Gary Peacock Tales of Another

前エントリにて我慢ができなくなったため、お宝を披露することにしました。私にしてみれば全 Jazz アルバム(というより今まで聴いてきたものすべて)の中で(よく考えたら)ベストがこれです。

語ることが多いので長文ご辛抱ください。
ライナーノーツで触れられていますが、Gary Peacock という人は piano は習ったけど bass は「なぜだかわからないのだが、初めて手にした時から両手で正しく弾くことができた。そんなわけで bass を習ったことは一度もない」などと首を傾げたくなるようなことを言っています。真偽はともかく、本作よりだいぶ前に日本にも滞在していたことがあり(確か京都あたり)、それ自体が隠遁を仄めかすような生活だったらしいなど、ミステリアスな側面を持っている人なのです。

高校生の頃にこのアルバムを初めて聴いた時、内省的な寒々しいサウンドだなぁと感じました。ECMらしい欧州くささと言うのか、Jack DeJohnette のシンバルレガートの刻み音がよりスタジオ内の空気に緊迫感をもたらし、Jarrett の唸りとともに「怒り」ともとれない「鬱屈」したマイナー調の音による物語が展開されていました。しかし、聴き込んでいくうちに、特にTrilogy の3部作全編に流れる言い表せないような「熱」を徐々に受け止められるようになっていったのです。
Trilogy は、LPではB面すべてに収録されており、20代の頃に行った吉祥寺の「A&F」という Jazz 喫茶(閉店したそうです)にてリクエストをした時のことは忘れられません。この店は、入り口近くのレジでリクエストを告げるのですが、この場所が何というか、ちょうどパチンコ屋の景品引換所の窓口(普通はビルの裏手とか別の所にある)のような雰囲気の作りになっていて、ちょっと屈んで店主に小声で伝えるんですね。

私 『Gary Peacock の Tales of Another を』
店主『…B面ですね』

たったそれだけの会話でしたが、それがすべてでした。この店では、暗く調光した店内の高級スピーカーが何台も配置された壁に、照明を仕込んだ小型の看板がいくつか掲示してあり、選曲によって使用されるアンプやピックアップカートリッジ等のメーカー名が変わる毎に点灯したり消灯したりするという、かなり凝った演出が施されていました。この曲がどの組み合わせで再生されたかはもう覚えていませんが、新たなニュアンスの発見ができるのに十分な音響だったことは確かです。
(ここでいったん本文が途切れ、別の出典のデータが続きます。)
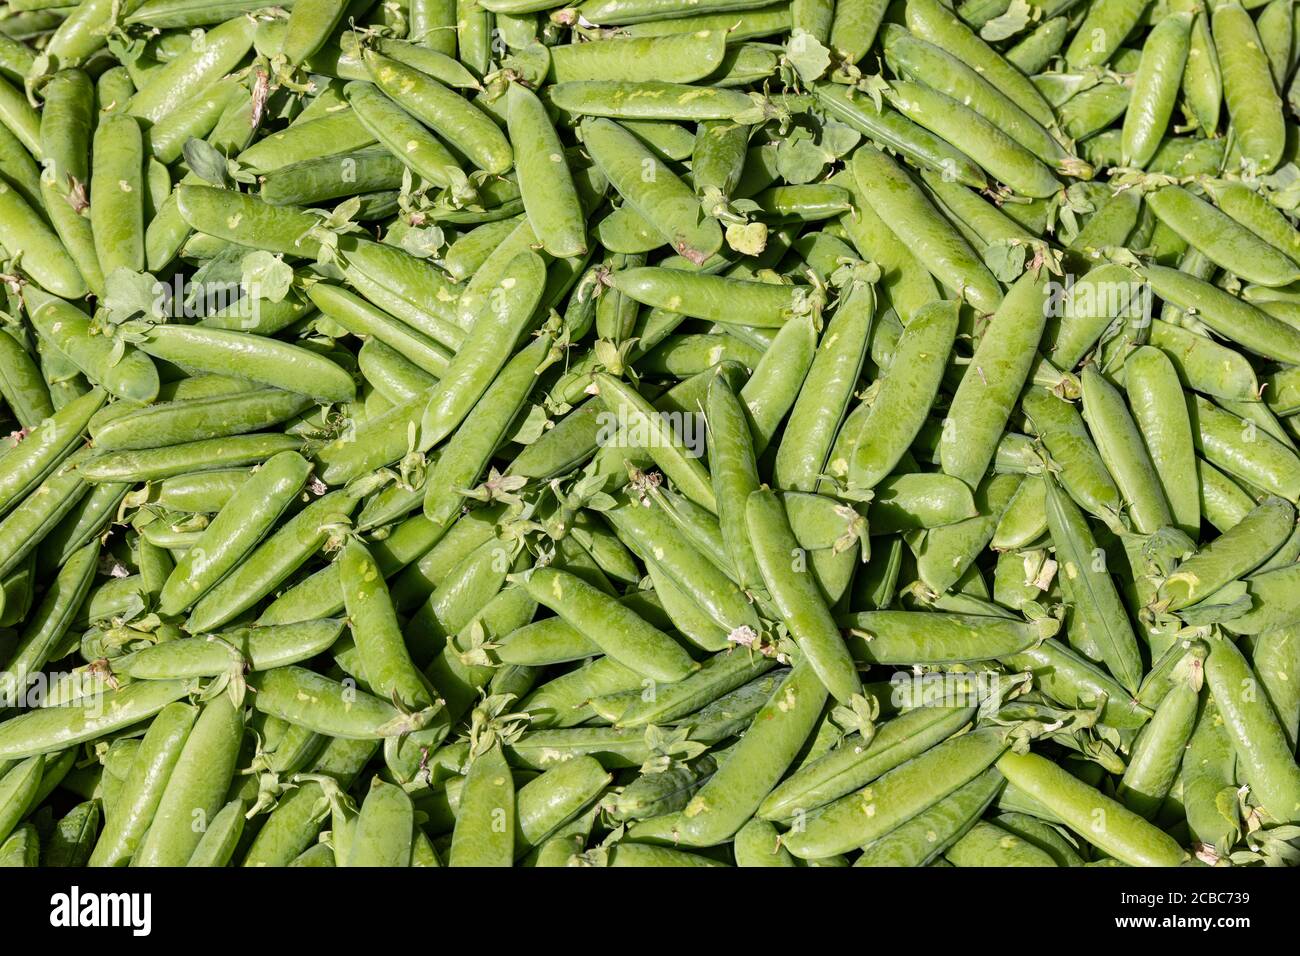 Peas or pea pods on sale at market square Stock Photo

さて、この trio は後に Jarrett のリーダーユニットとして「Standards」という呼び名の元に、数々のスタンダードナンバーを演奏していくことになるわけですが、1996年の秋に New York へ行った時は Carnegie Hall のメインホールでこの trio の演奏を聴く機会に恵まれました。Center Balcony というステージをまるで真下に見下ろすような席(前日にゲットしたチケットだったもので…)からでしたが、ニコニコしながら楽しそうにMCをする Jarrett を見ていると「ああ、今のこのユニットには Tales of Another の鬼気迫るような演奏を求めてはいけないんだな」と思ったものです。もちろん、この日の演奏自体は申し分ない素晴らしいものでしたが、本作のインパクトがどれほどのものかを思い知るエピソードになりました。
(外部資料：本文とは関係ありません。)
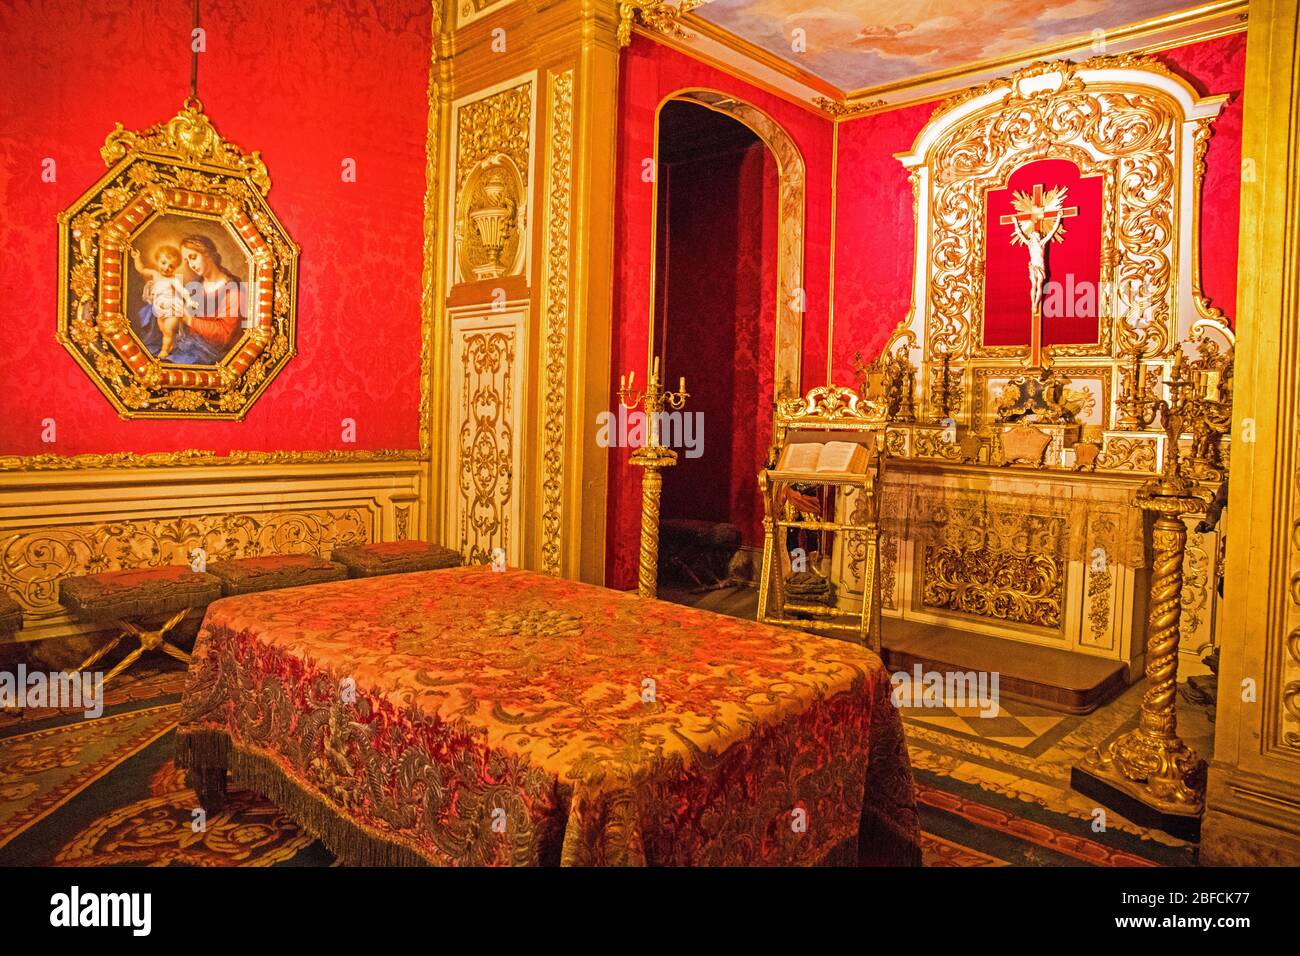 A bedchamber in Pitti Palace in Florence Italy Stock Photo

色々とダラダラ書き連ねてしまいました。私が言いたいのは、絶対にBGMにして欲しくない、(押しつけがましいのを承知で)しっかりと対峙して聴いていただきたい、そういうことです。

Gary Peacock – bass
Keith Jarrett- piano
Jack De Johnette – drums

1. Vignette 7:02
2. Tone Field 7:55
3. Major Major 8:54
4. Trilogy I 8:31
5. Trilogy II 8:42
6. Trilogy III 6:20

Gary Peacock, Jack DeJohnette & キース・ジャレット - Tales of Another

Keith Jarrett Köln Concert

 

piano というものを、ある一つの最高の表現方法で形にした Jazz 史上に残る名作です。

Return To Forever 同様、正統派の Jazz ファンからは色々ご意見がありましたが、これを作品として認めないのは人間としてどうかと思います。極めて、極めて美しい時間がそこにあります。
Art Blakey の Jazz Messengers を皮切りに Miles Davis Group への参加を経て、’71年の「Facing You」を残した Jarrett は、’73年にブレーメン・ローザンヌでのソロライブを収めたアルバムを発表して創作活動の幅を広げました。Miles Davis Group での楽旅の際に出会った ECMレーベルの社長であり、Producer である Manfred Eicher が Jarrett の才能を開花させたといえるのがこの「完全な即興」スタイルなのです。事前の作曲は一切なく、コンサートホールで piano に向かって初めて音を紡ぎ出すという、まさに完全なるインプロヴィゼーションの世界での出来事です。

各楽曲は説明するまでもなく、彼の piano に対するひたむきな愛情であり、古典音楽の素養も含め Jarrett 独自の空間を創り出しています。私は、全編にわたって楽曲の音の連なりをほぼ一音たりとも残さず覚えてしまったクチです。
この後に個人的に Jazz のアルバムでベスト3としている「Tales of Another」(後日必ずご紹介)を作ることになりますが、Keith Jarrett を万一ご存じなければどうあっても聴いていただかないと困る作品が本作です。

Keith Jarrett (p)

1.KÖLN, January 24, 1975 Part I    26:15
2.KÖLN, January 24, 1975 Part II a  15:00
3.KÖLN, January 24, 1975 Part II b  19:19
4.KÖLN, January 24, 1975 Part II c  6:59

キース・ジャレット - The K?ln Concert

Astor Piazzolla Tango: Zero Hour

今回は少し異色のセレクトです。Astor Piazzolla 五重奏団による Piazzolla の最高傑作といわれる作品をご紹介します。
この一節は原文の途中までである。